38. The semantics of any non-active partitions supported by the implementation. See 10.2(28).
Passive partitions are supported on targets where shared memory is provided by the operating system. See the GLADE reference manual for further details.


39. The information returned by Exception_Message. See 11.4.1(10).
Exception message returns the null string unless a specific message has been passed by the program.


40. The result of Exceptions.Exception_Name for types declared within an unnamed block_statement. See 11.4.1(12).
Blocks have implementation defined names of the form Bnnn where nnn is an integer.

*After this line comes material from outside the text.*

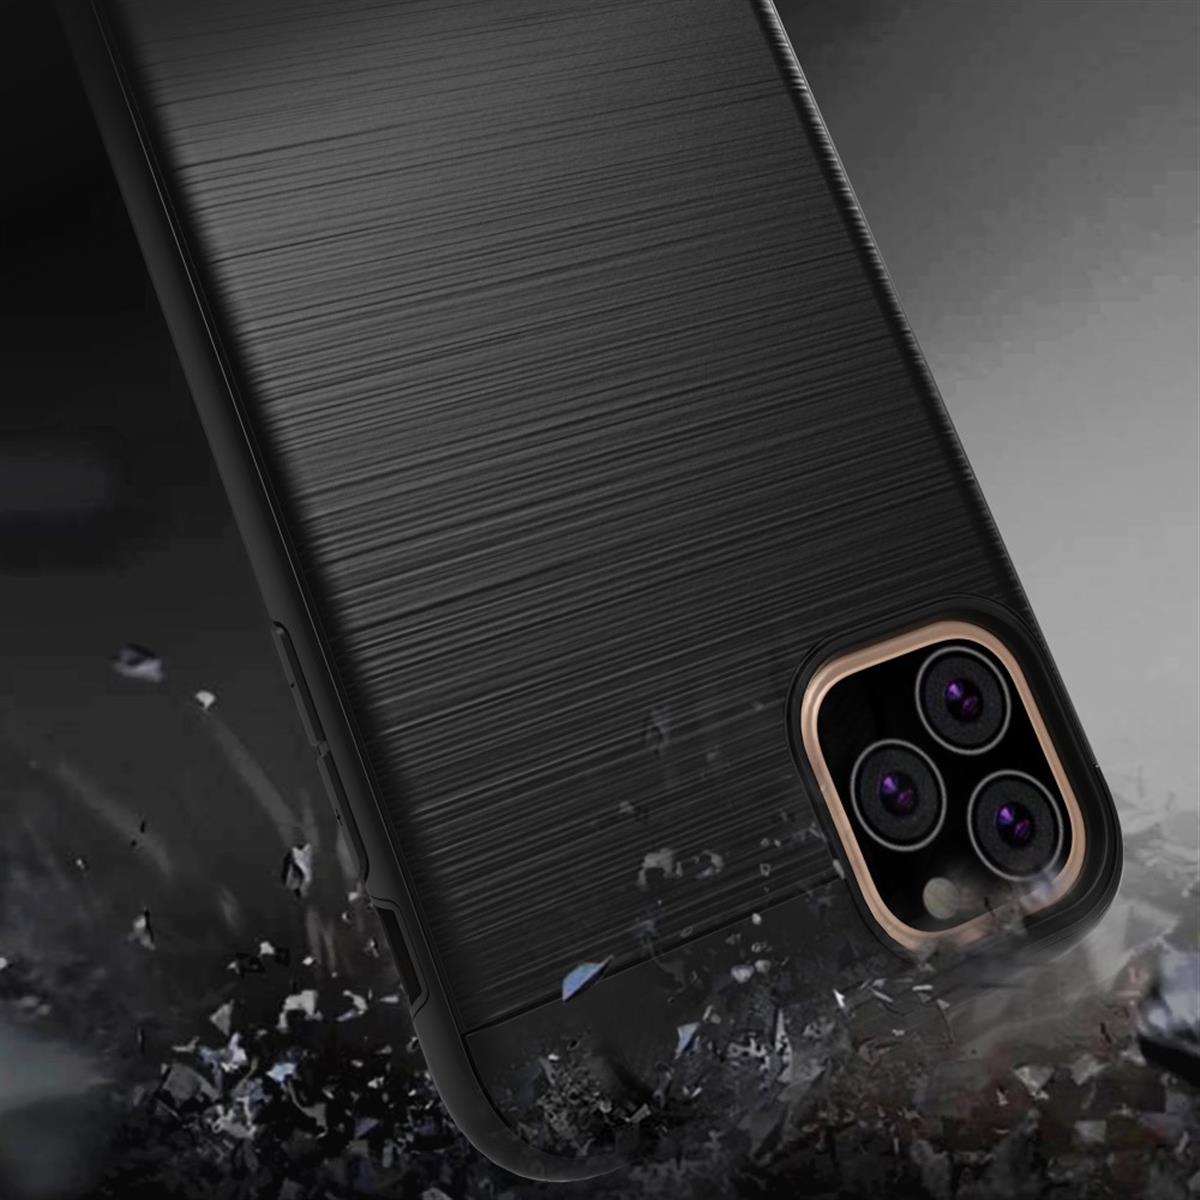 Hülle für Apple iPhone 11 [6,1 Zoll] Handyhülle Silikon Hybrid Case Carbonfarben

41. The information returned by Exception_Information. See 11.4.1(13).
Exception_Information returns a string in the following format:

     Exception_Name: nnnnn
     Message: mmmmm
     PID: ppp
     Call stack traceback locations:
     0xhhhh 0xhhhh 0xhhhh ... 0xhhh

where

The line terminator sequence at the end of each line, including the last line is a single LF character (16#0A#).


42. Implementation-defined check names. See 11.5(27).
The implementation defined check name Alignment_Check controls checking of address clause values for proper alignment (that is, the address supplied must be consistent with the alignment of the type).

In addition, a user program can add implementation-defined check names by means of the pragma Check_Name.


43. The interpretation of each aspect of representation. See 13.1(20).
See separate section on data representations.


44. Any restrictions placed upon representation items. See 13.1(20).
See separate section on data representations.


45. The meaning of Size for indefinite subtypes. See 13.3(48).
Size for an indefinite subtype is the maximum possible size, except that for the case of a subprogram parameter, the size of the parameter object is the actual size.


46. The default external representation for a type tag. See 13.3(75).
The default external representation for a type tag is the fully expanded name of the type in upper case letters.


47. What determines whether a compilation unit is the same in two different partitions. See 13.3(76).
A compilation unit is the same in two different partitions if and only if it derives from the same source file.


48. Implementation-defined components. See 13.5.1(15).
The only implementation defined component is the tag for a tagged type, which contains a pointer to the dispatching table.


49. If Word_Size = Storage_Unit, the default bit ordering. See 13.5.3(5).
Word_Size (32) is not the same as Storage_Unit (8) for this implementation, so no non-default bit ordering is supported. The default bit ordering corresponds to the natural endianness of the target architecture.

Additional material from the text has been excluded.